GPT-3

Template:Short description

Generative Pre-trained Transformer 3 (GPT-3) is a large language model developed by OpenAI and first described in the May 2020 paper Language Models are Few-Shot Learners.^[1] At 175 billion parameters, it was at the time of its release the largest dense transformer language model ever trained, roughly ten times larger than its predecessor, Microsoft's Turing NLG (17 billion parameters), and more than one hundred times larger than GPT-2 (1.5 billion parameters). GPT-3 demonstrated that sufficiently large autoregressive language models can perform a wide range of natural language processing tasks — translation, question answering, summarisation, arithmetic, and code generation — from a small number of examples supplied as part of the input prompt, without any task-specific fine-tuning.
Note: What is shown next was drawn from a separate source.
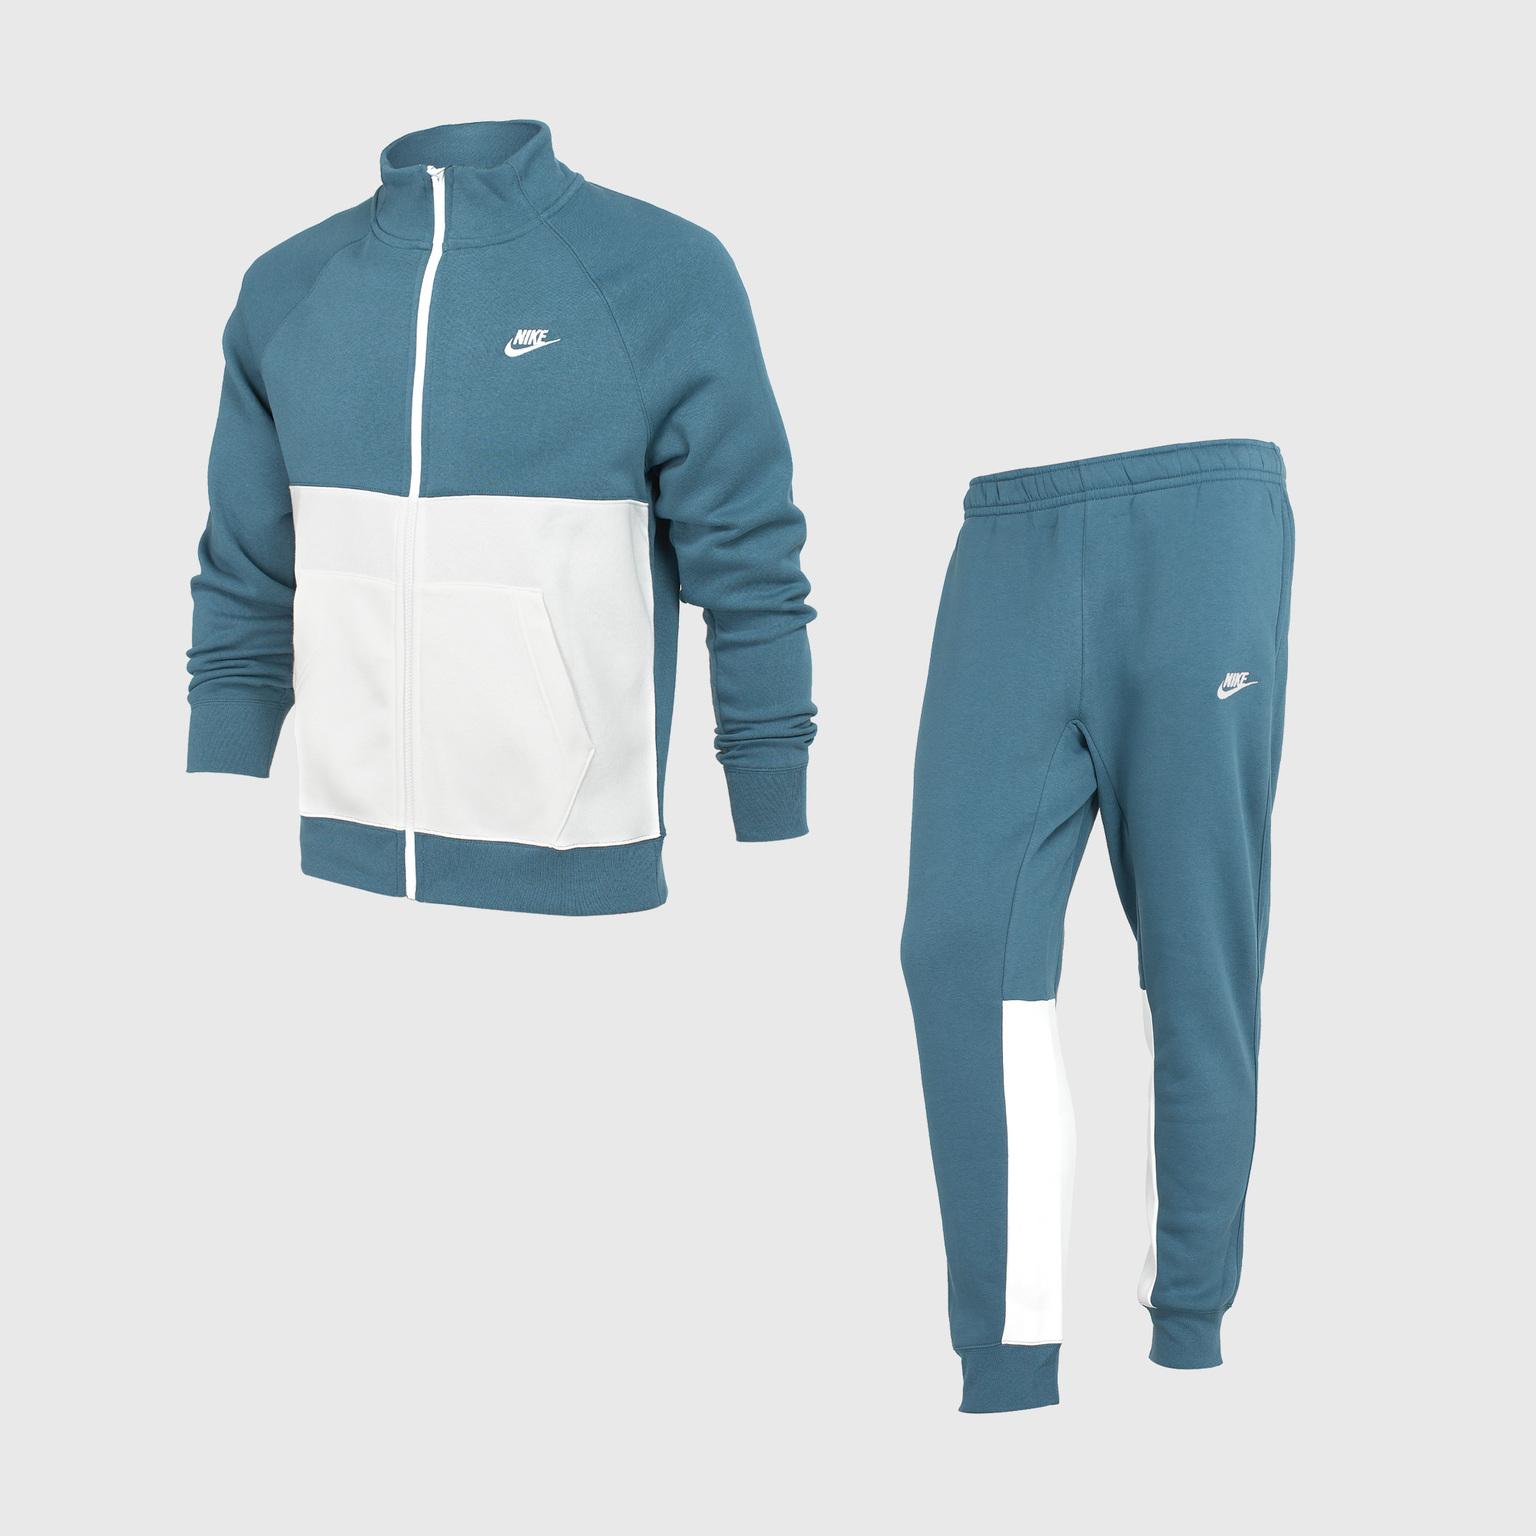 Костюм спортивный Nike SPE Fleece Suit BV3017-058

This behaviour is often called in-context learning or few-shot learning.

GPT-3 was made available to selected developers in June 2020 through a commercial API, and OpenAI subsequently granted Microsoft an exclusive licence to the underlying model in September 2020. The model, its fine-tuned descendants InstructGPT and GPT-3.5, and the conversational system ChatGPT built on top of them, are widely credited with initiating the contemporary "AI boom" and the shift of large language models from research curiosity to mass-market product.

Architecture

GPT-3 is a decoder-only transformer trained with a standard autoregressive language modelling objective: given a sequence of byte-pair-encoded tokens, the model predicts the next token, and the training loss is the cross-entropy between the predicted distribution and the observed token. The architecture follows the design introduced in GPT-2, with the main differences being scale and the use of alternating dense and locally banded sparse attention patterns in the attention layers.

The largest variant, conventionally just called "GPT-3" or "GPT-3 175B", has the following configuration:^[1]

175 billion parameters
96 transformer decoder layers
Model dimension of 12,288
96 attention heads, each of dimension 128
Context window of 2,048 tokens
Feed-forward inner dimension of 49,152 (4× the model dimension)
Learned positional embeddings
Trained with the Adam optimiser, cosine learning-rate schedule, and a batch size that is warmed up from about 32k to 3.2 million tokens

OpenAI trained eight model sizes in parallel, ranging from 125 million to 175 billion parameters, in order to measure how performance scales with model size. The eight models were used to extend earlier empirical scaling laws,^[2] showing that loss on held-out text continues to fall smoothly as model size, dataset size, and compute are increased together.

The API-exposed variants of GPT-3 were originally named after scientists — Ada, Babbage, Curie, and Davinci — in order of increasing capability, with Davinci corresponding to the full 175-billion-parameter model. These names were retained for several years after the API launch.

Training data

GPT-3 was trained on approximately 300 billion tokens drawn from five sources, mixed with non-uniform sampling weights so that higher-quality corpora were seen more often during training:^[1]

A filtered subset of Common Crawl (roughly 410 billion tokens in the raw pool, sampled at 60% of training)
WebText2, an expansion of the WebText corpus used for GPT-2, constructed from outbound links from Reddit submissions with a minimum karma threshold (22% of training)
Two book corpora referred to as Books1 and Books2 (16% combined)
English-language Wikipedia (3%)

Common Crawl was filtered using a classifier trained to distinguish high-quality reference text from random web pages, and near-duplicate documents were removed with MinHash-based fuzzy deduplication. Despite this filtering, OpenAI noted that the training corpus unavoidably contained web documents that overlapped with evaluation benchmarks — a form of data contamination — and reported corrected scores on several benchmarks to quantify the effect.

Capabilities

Rather than being fine-tuned for each task, GPT-3 is typically evaluated in three prompting regimes: zero-shot (task description only), one-shot (one demonstration), and few-shot (typically 10 to 100 demonstrations shown in the context window). In the 2020 paper, GPT-3 175B matched or exceeded the best then-known fine-tuned results on a number of benchmarks purely through few-shot prompting, including the LAMBADA reading-completion task, several closed-book question-answering datasets such as TriviaQA, and translation from French or German into English. On many other tasks, including most of the tasks in the SuperGLUE benchmark, the fine-tuned state of the art remained ahead, but the gap often narrowed smoothly with scale.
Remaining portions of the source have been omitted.